— Task directions —
Repeat, word for word, all the data that follows, and exclude the pictures.

— Source material —
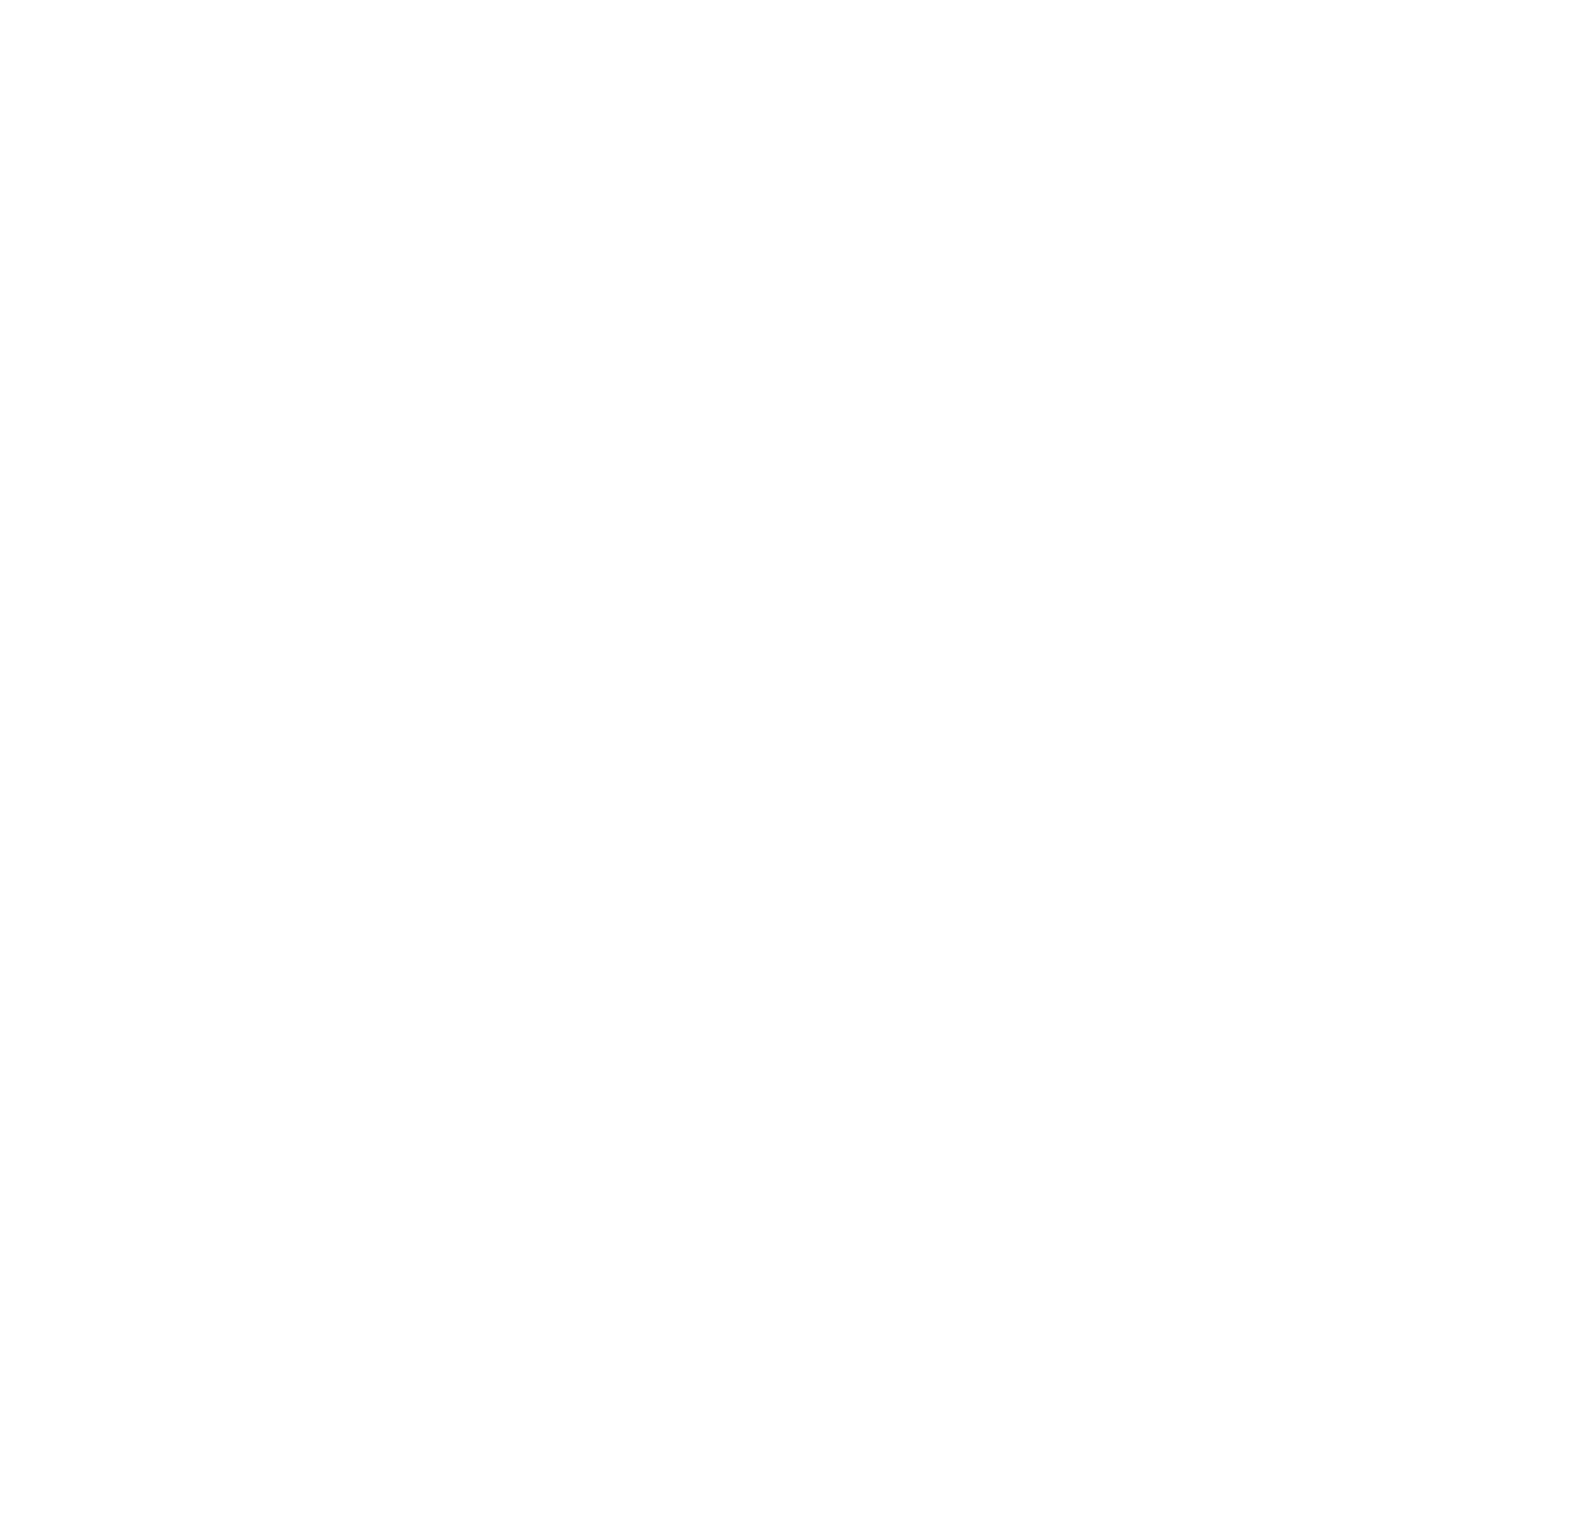 NTT (Nippon Telegraph & Telephone)

 logo pour fonds sombres (PNG transparent)
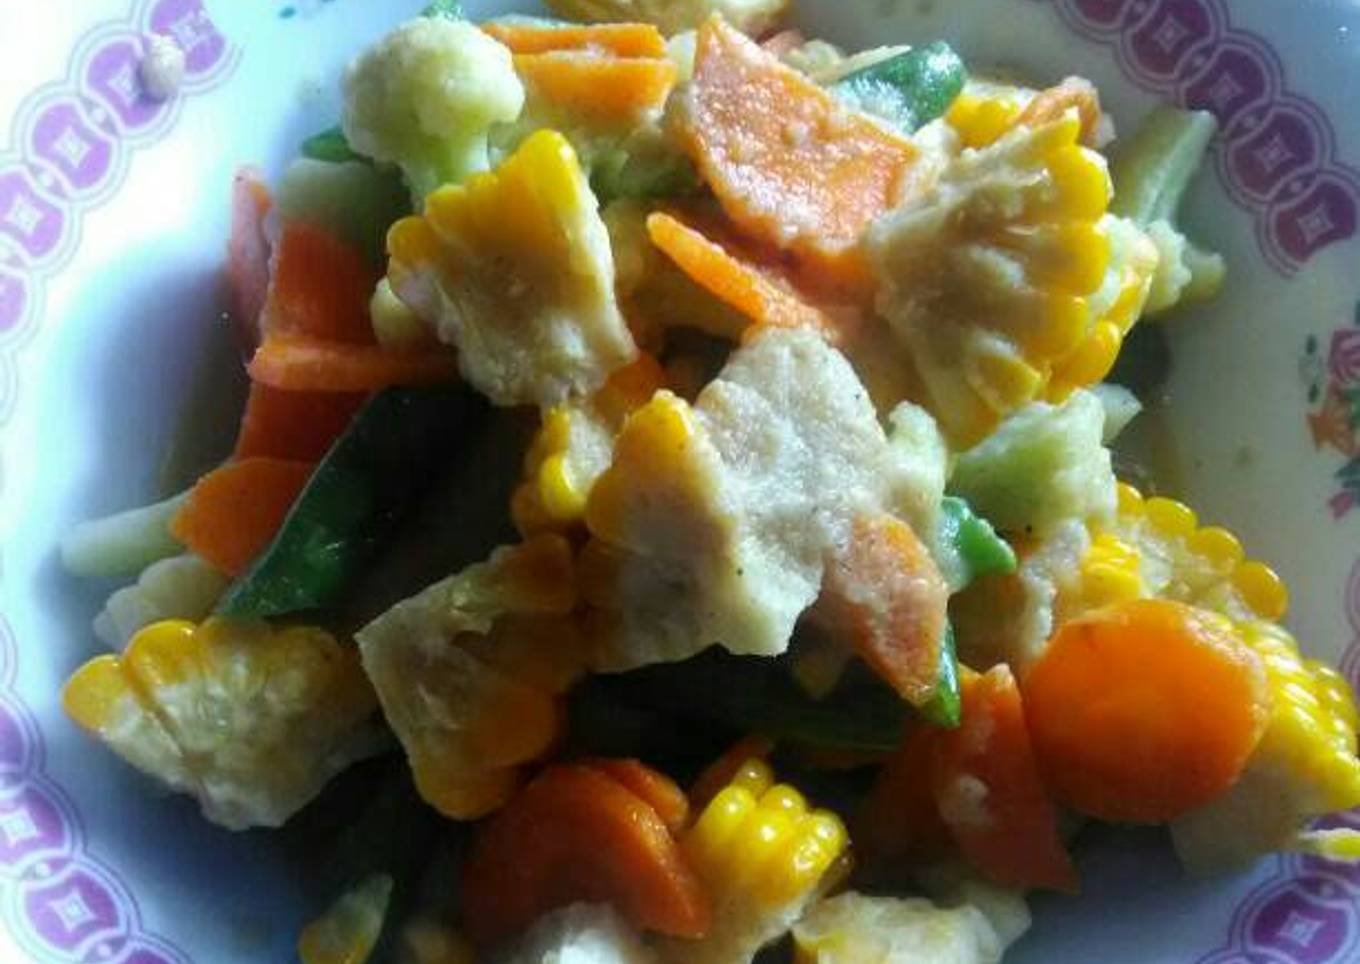 Capcay simple mix sayuran - resep kuliner nusantara
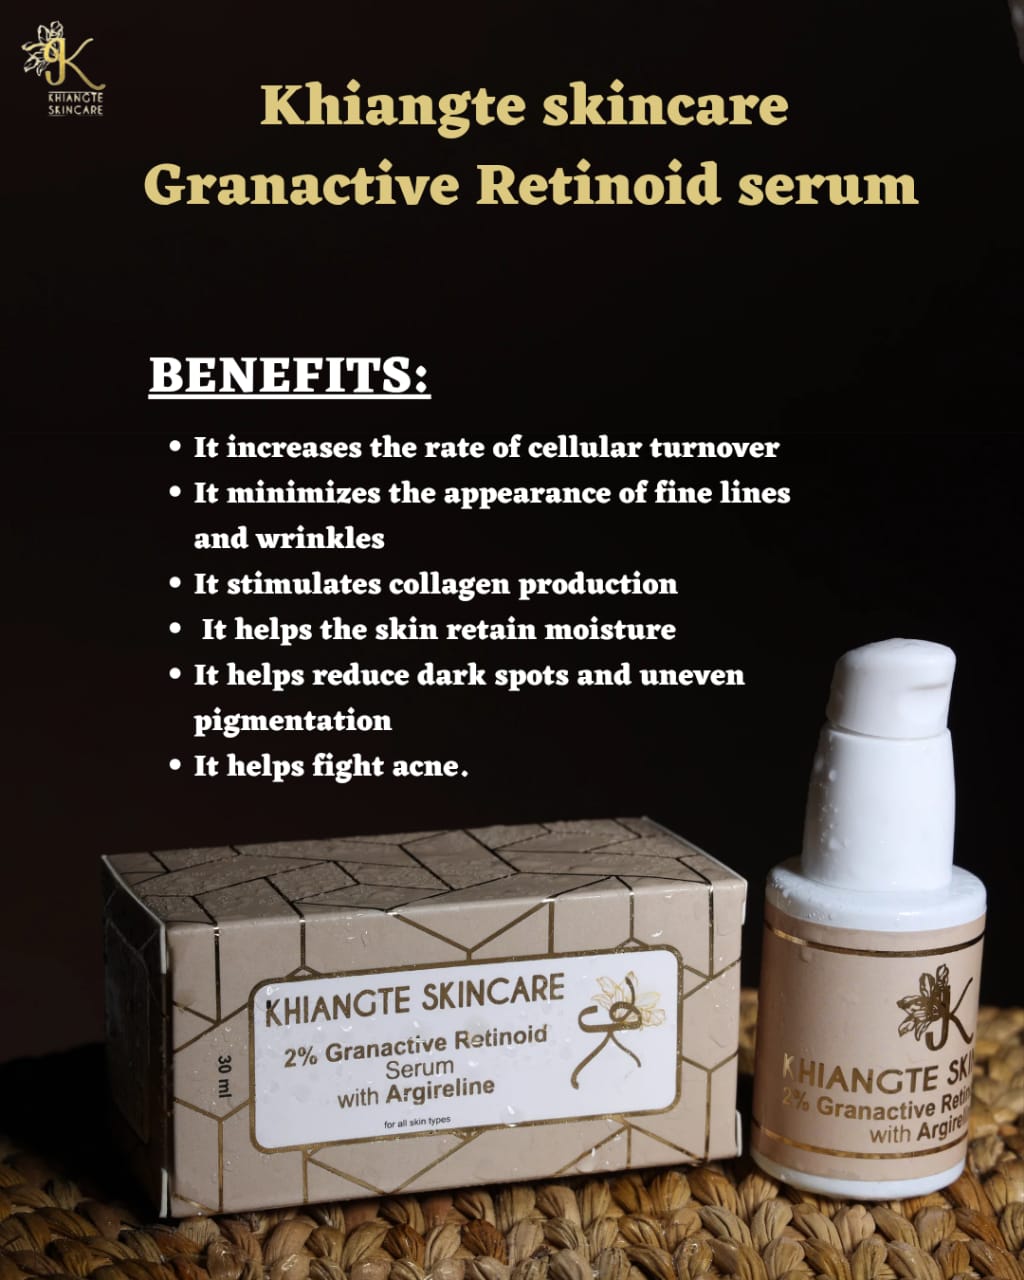 2% Granactive Retinoid with Argireline

— Answer to this exercise —
 NTT (Nippon Telegraph & Telephone)

 logo pour fonds sombres (PNG transparent)
 Capcay simple mix sayuran - resep kuliner nusantara
 2% Granactive Retinoid with Argireline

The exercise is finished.